▶ _WHAT IS EXPECTED_
Somewhere below are a line with "klage på omgjøring" and a later line with "Desfile del Carnaval". Output exactly those lines and all lines between them.
** Opening DATA RECORDS block **
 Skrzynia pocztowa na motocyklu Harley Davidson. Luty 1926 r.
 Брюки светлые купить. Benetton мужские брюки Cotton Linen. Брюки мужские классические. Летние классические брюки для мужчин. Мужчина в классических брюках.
** Closing DATA RECORDS block **
** Opening DATA RECORDS block **
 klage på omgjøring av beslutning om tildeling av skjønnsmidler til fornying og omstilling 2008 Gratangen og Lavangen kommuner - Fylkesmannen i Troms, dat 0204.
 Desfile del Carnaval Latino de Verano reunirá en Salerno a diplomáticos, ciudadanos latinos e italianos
** Closing DATA RECORDS block **
▶ _EXERCISE OUTPUT_
 klage på omgjøring av beslutning om tildeling av skjønnsmidler til fornying og omstilling 2008 Gratangen og Lavangen kommuner - Fylkesmannen i Troms, dat 0204.
 Desfile del Carnaval Latino de Verano reunirá en Salerno a diplomáticos, ciudadanos latinos e italianos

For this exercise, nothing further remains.